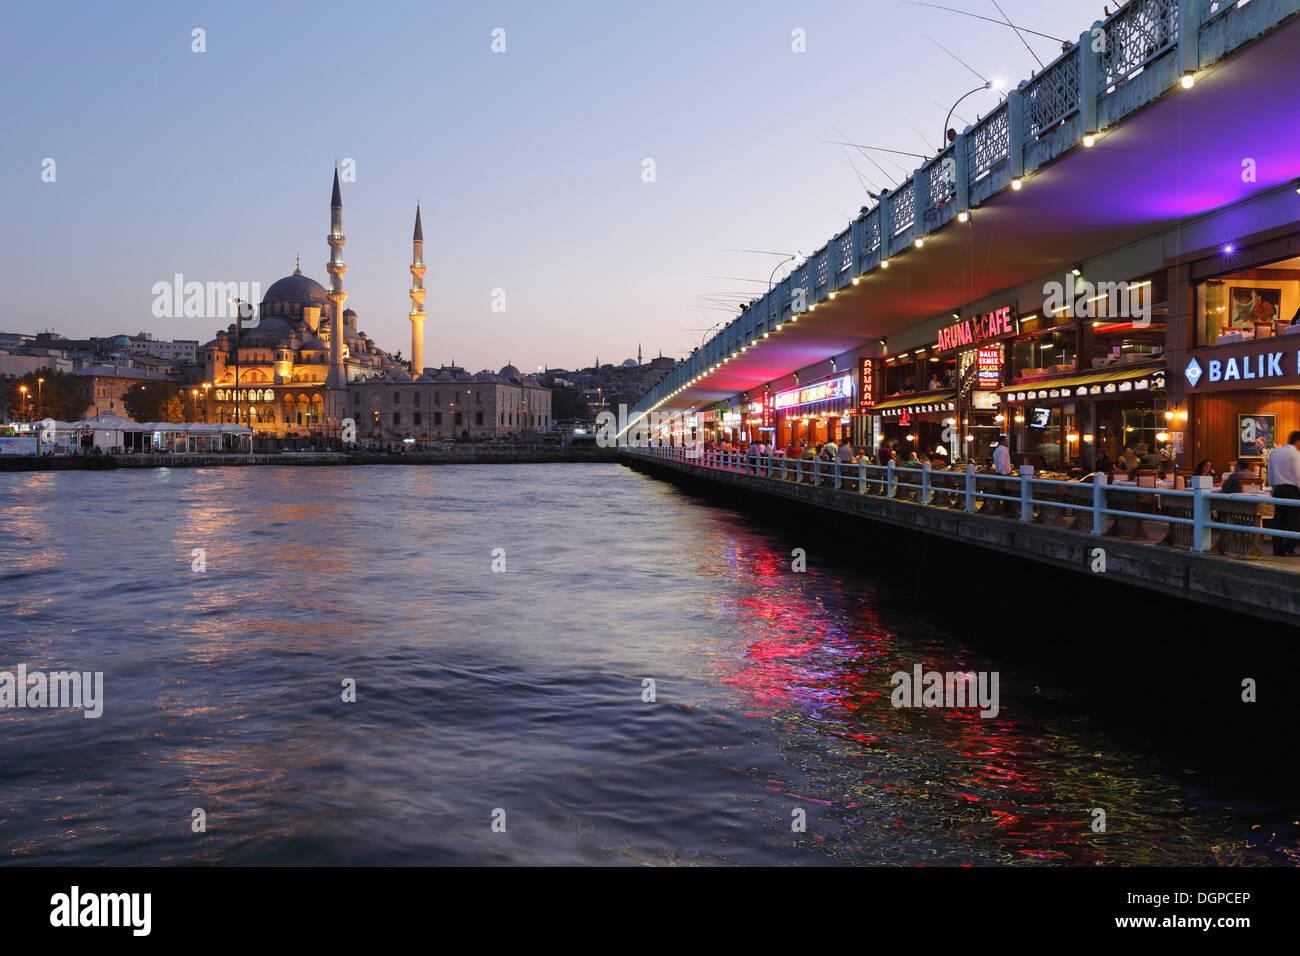 Galata Bridge, Golden Horn, New Mosque, Yeni Cami, Istanbul, european side, Turkey, Europe - Stock Image
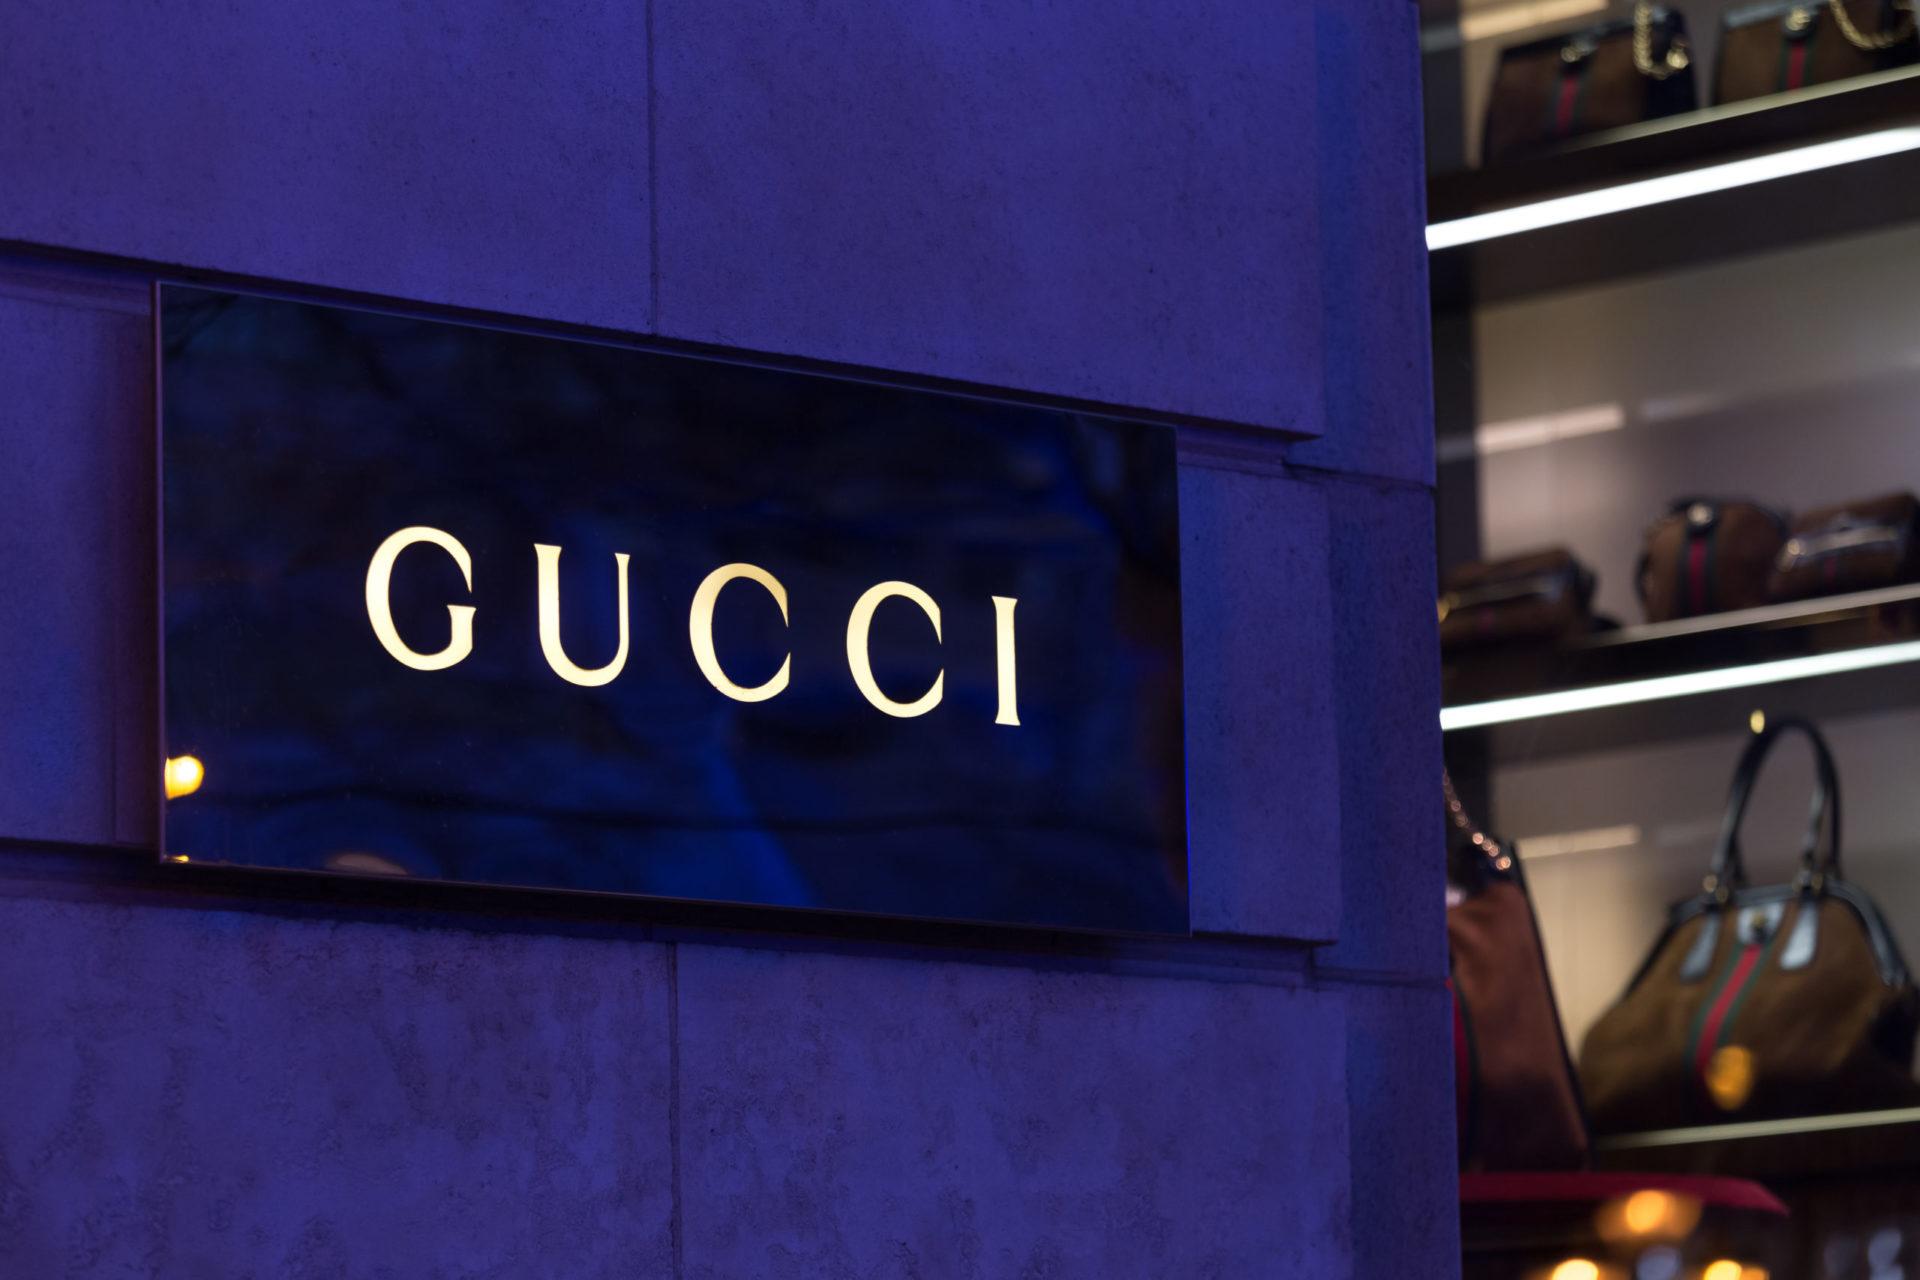 brussels, brussels/belgium - 13 12 18: gucci store sign in brussels belgium
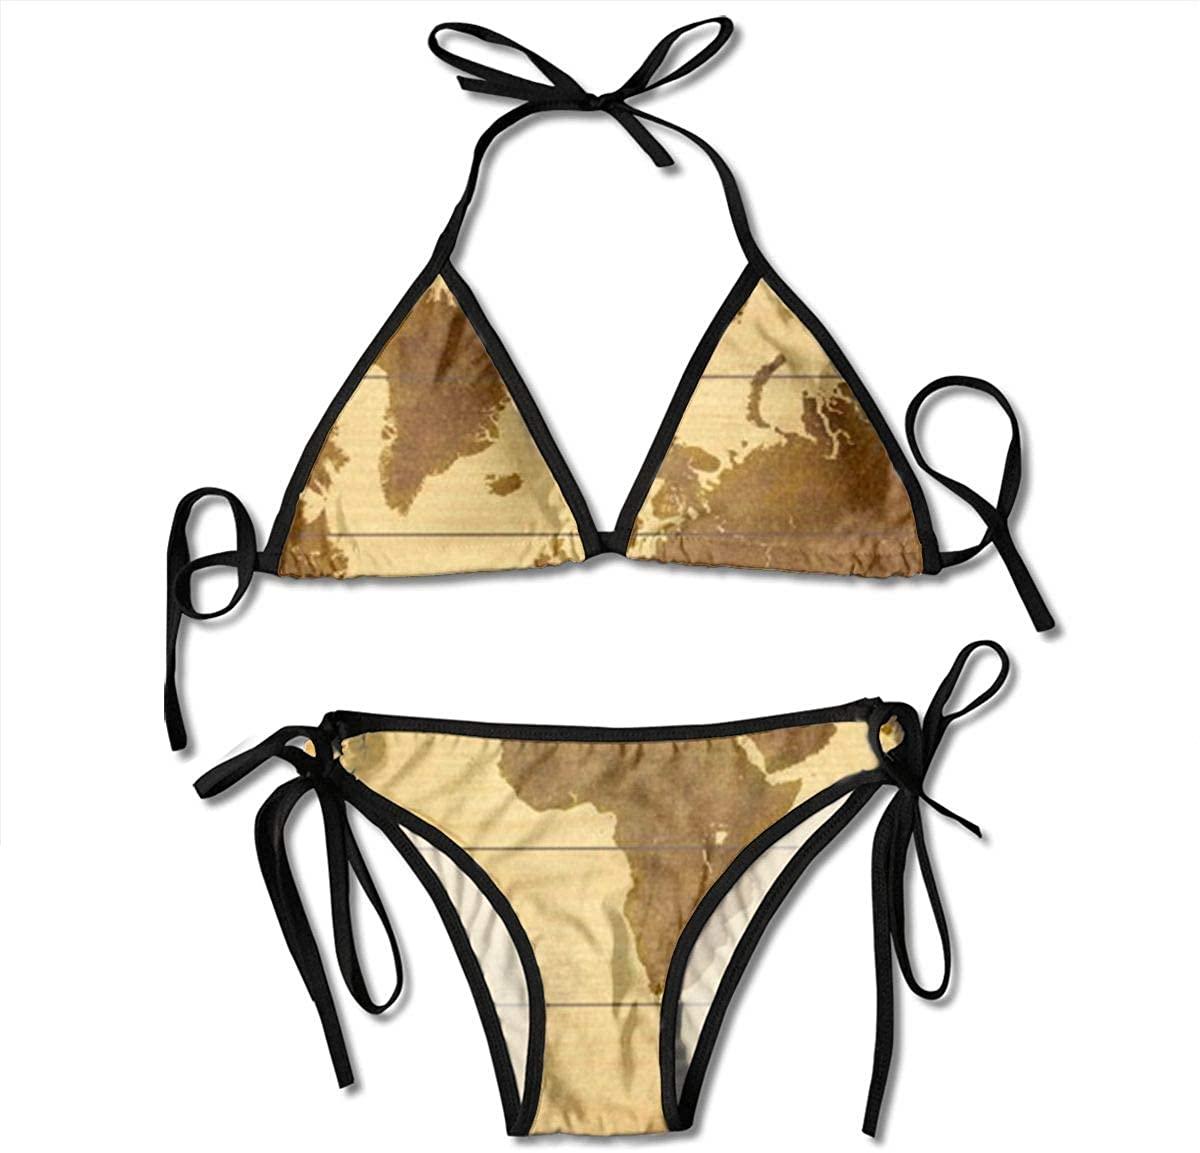 ZMagwa Womens String Triangle Bikini Set Two Piece Large Black World Swimsuit
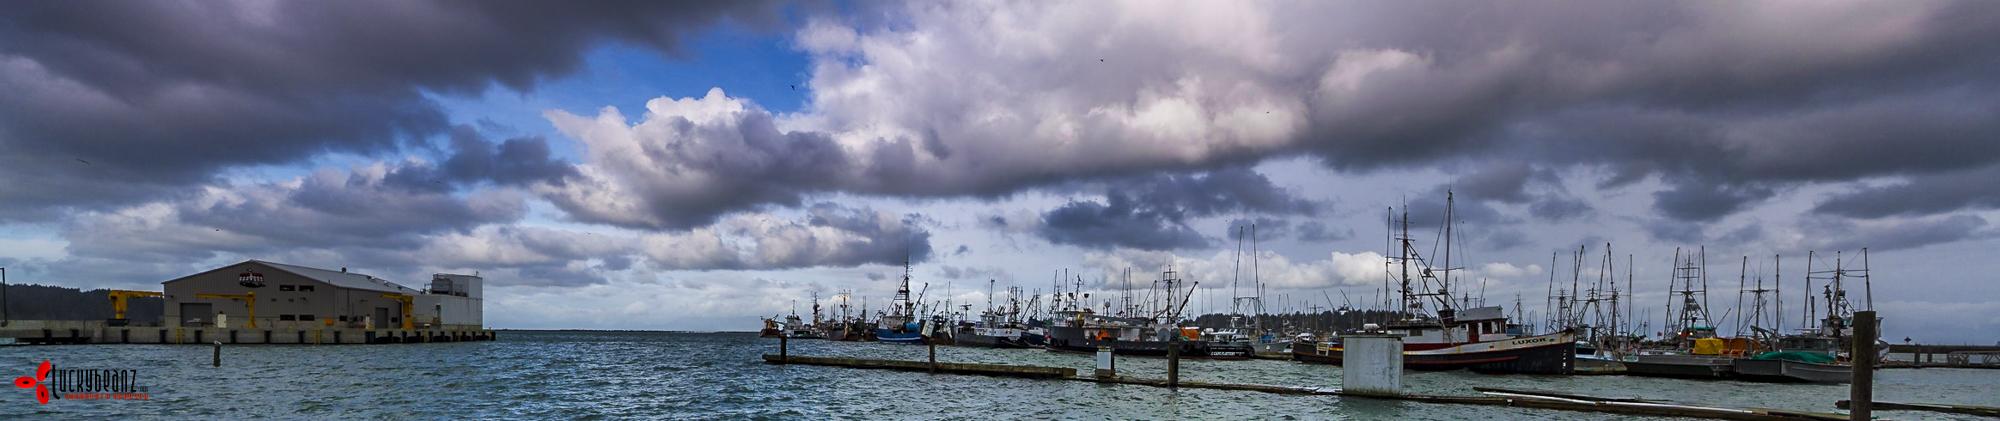 A rare rain free moment in Neigh Bay.
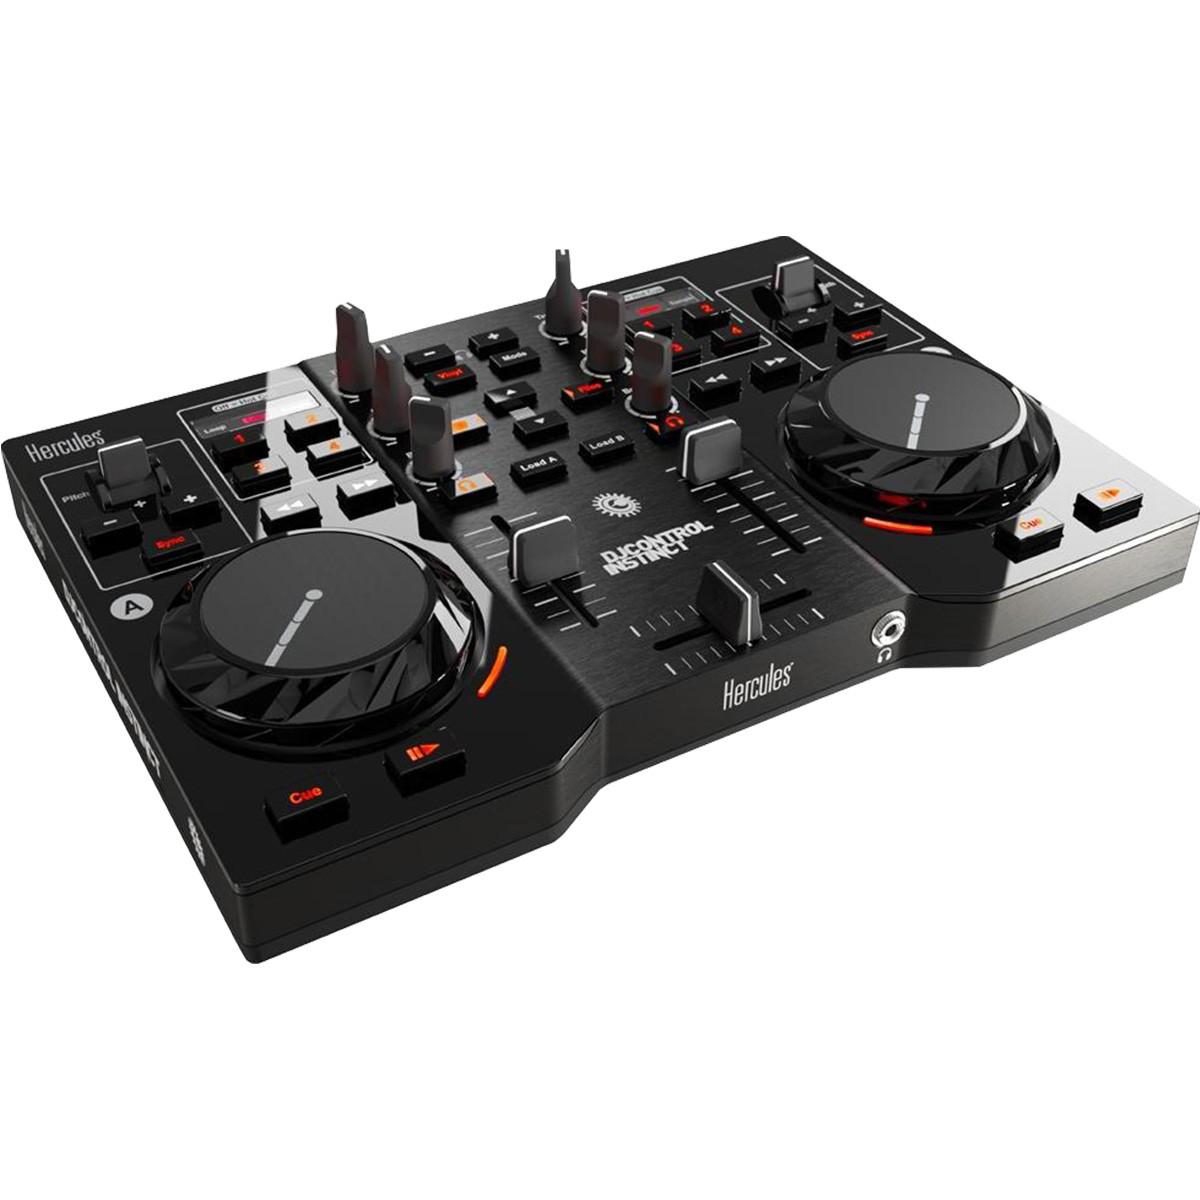 Hercules DJ Control Instinct Controladora Dj, Usb

What you should do » Give again, word for word, each line from the one holding "ZMagwa Womens String" through the end of the entries, and leave out any picture.

Reply »
 ZMagwa Womens String Triangle Bikini Set Two Piece Large Black World Swimsuit
 A rare rain free moment in Neigh Bay.
 Hercules DJ Control Instinct Controladora Dj, Usb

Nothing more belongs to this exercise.